Q.  What is involved in a guardianship?

A.  A guardian is a person who can make personal and financial decisions for the person (ward). A guardian is a person appointed by the court to make decisions about health care and personal matters for an adult who is incapacitated or a minor. Under Florida law, there are certain steps that must be followed for a guardian to be appointed.   

When a guardian is appointed for a minor, the Guardianship process takes away the parents’ rights to make legal, health, and educational decisions on behalf of that child. Guardianship, unlike adoption, does not sever the parental rights or the parental relationship. 

Another instance when the court may appoint a guardian for a minor is when the parents die or become incapacitated and no guardian was named in their estate planning documents. Additional situations where the court may appoint a guardian are those where a child receives an inheritance, the proceeds or a lawsuit, or the benefits under an insurance policy.  

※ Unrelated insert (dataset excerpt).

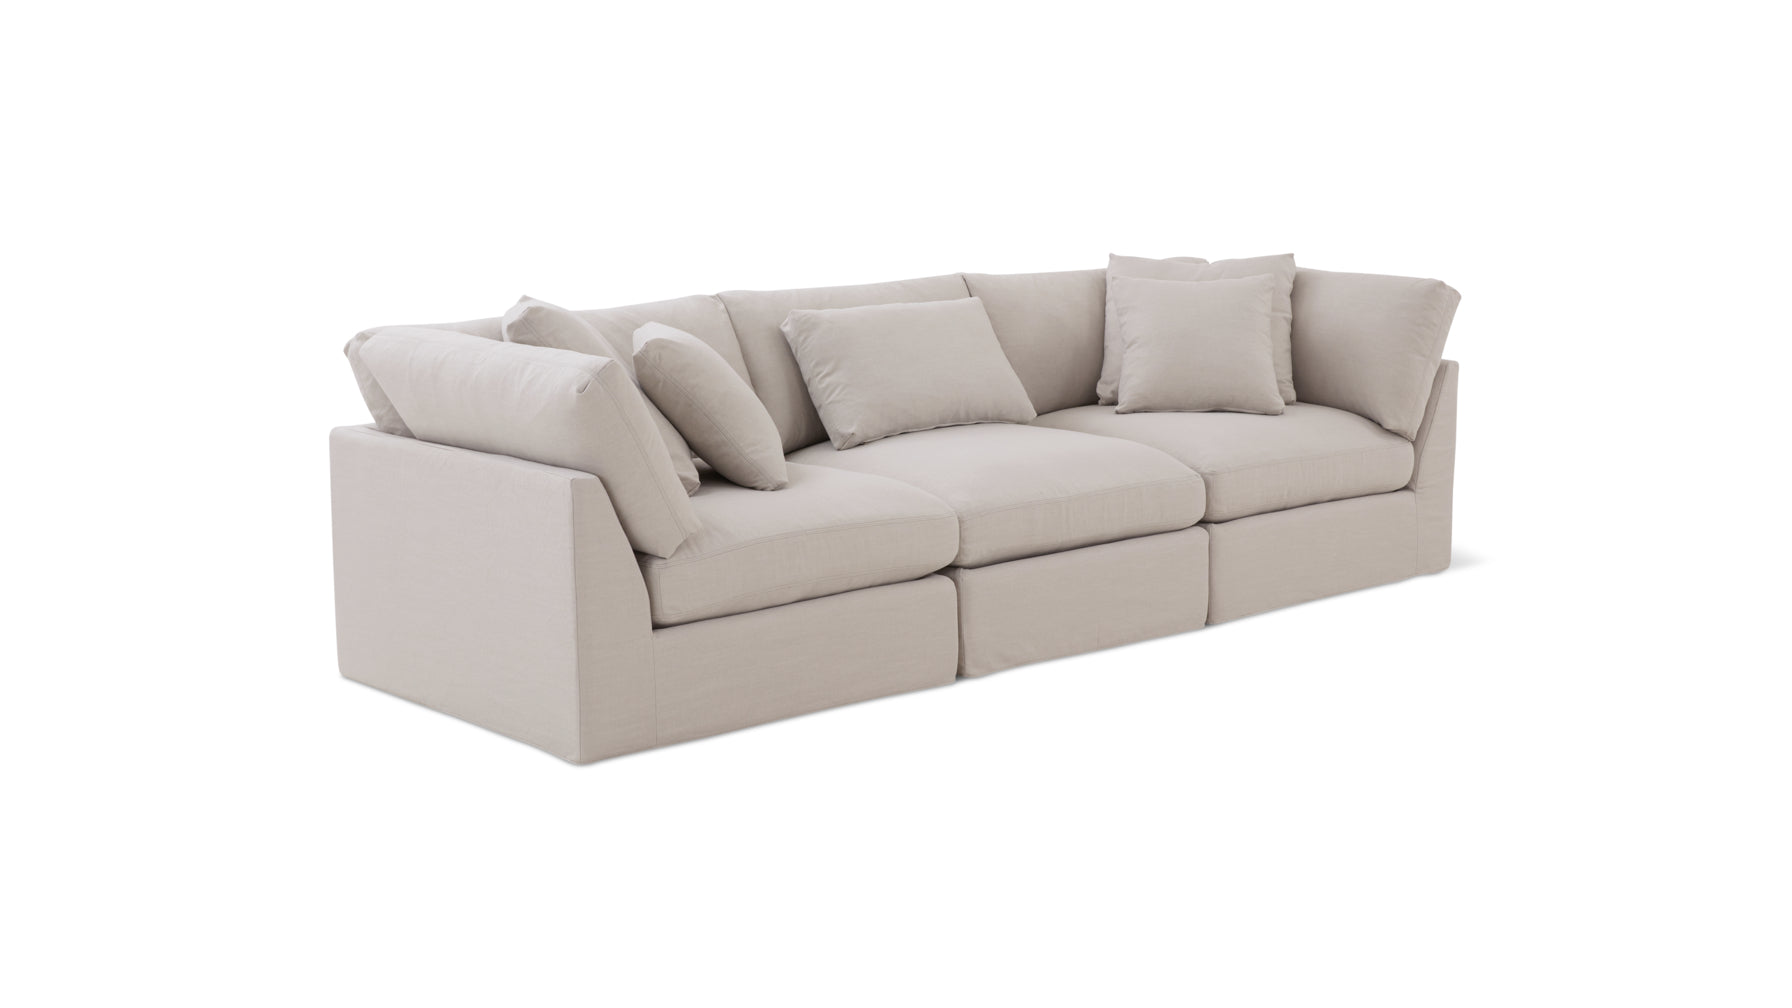 Get Together™ 3-Piece Modular Sofa, Large, Clay - Image 3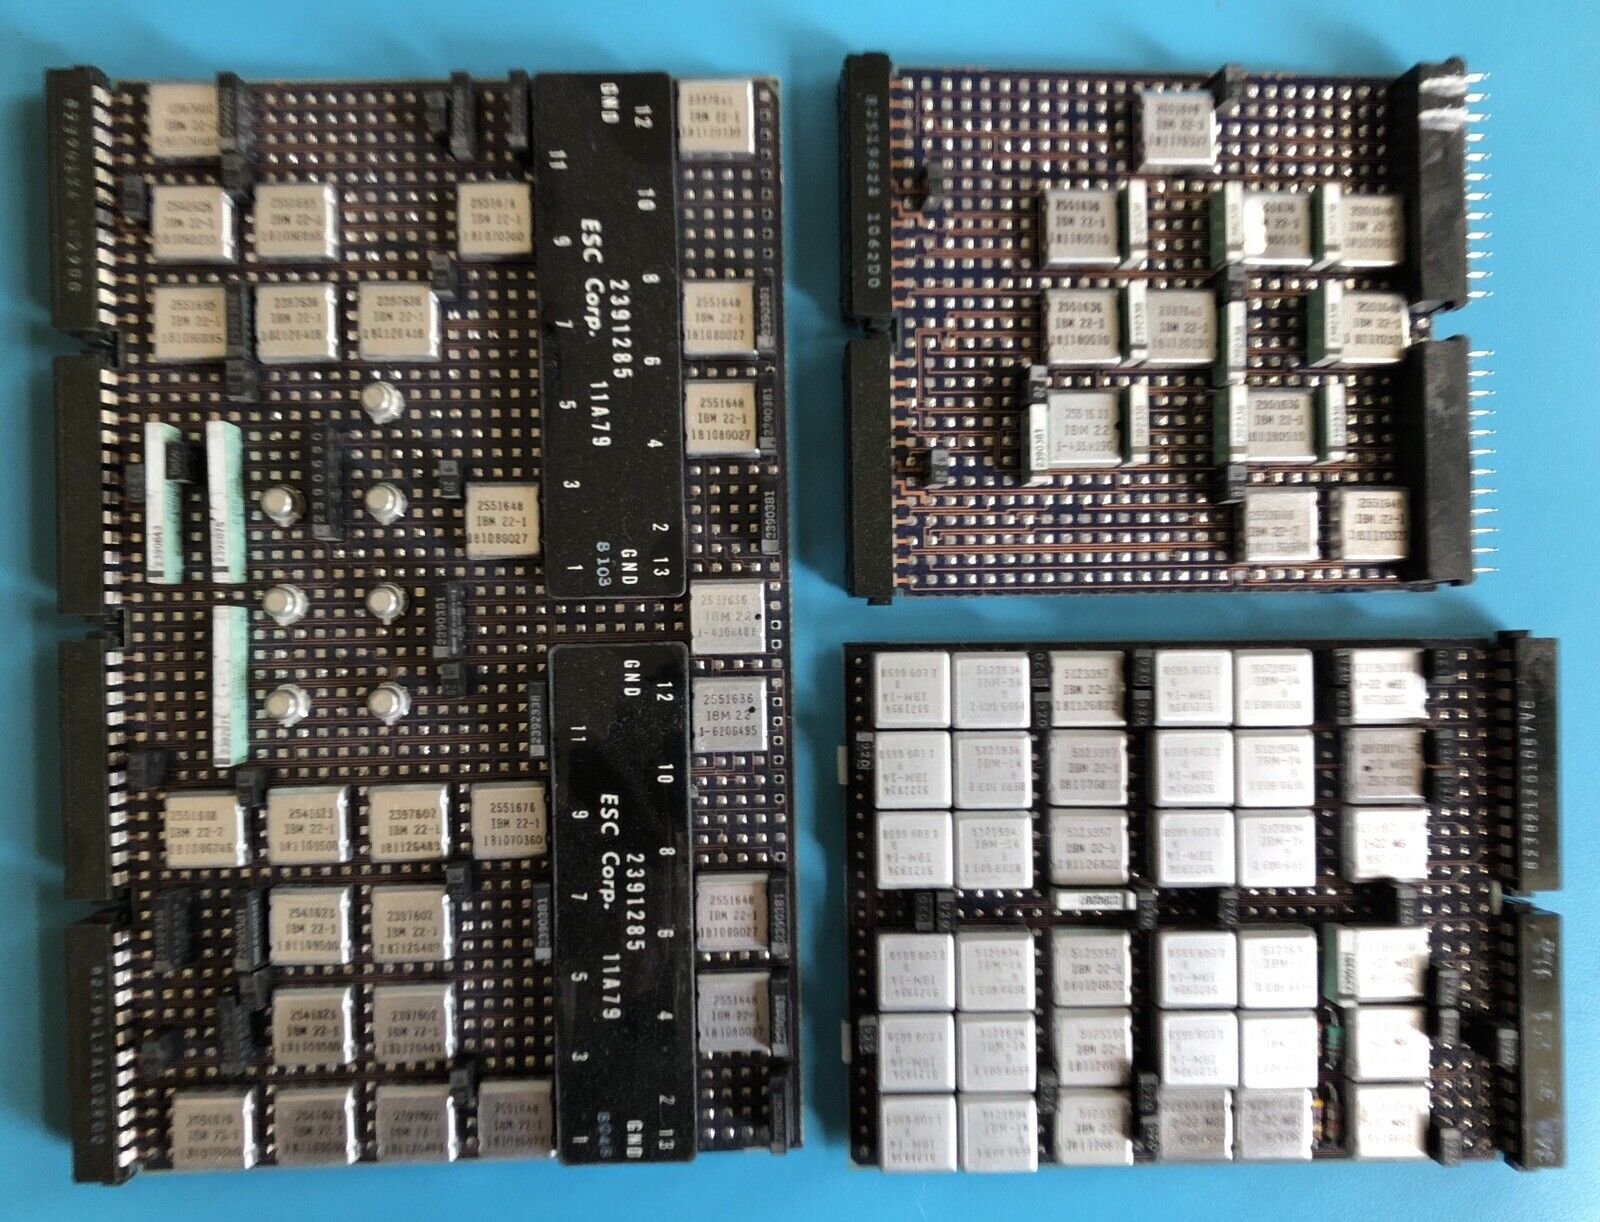 Vintage IBM System/360 Mainframe Computer SLT Processor Boards

An adult guardianship will probably be necessary if the court determines that a person has become so impaired that he or she cannot make rational financial and health.  Guardianship is usually used as a last resort when the court sees that there is no alternative.   

In Florida, there are both voluntary and involuntary guardianships. A voluntary guardianship takes place when an adult is mentally competent, but unable to manage his or her own affairs. 

In the alternative, a person should have a durable power of attorney, trust, health care surrogate or proxy, or other form of pre-need directive. A guardianship may be avoided if a person has prepared one of these documents while he or she has the legal capacity to do so. A durable power of attorney is much less expensive to prepare than the cost of a guardianship proceeding.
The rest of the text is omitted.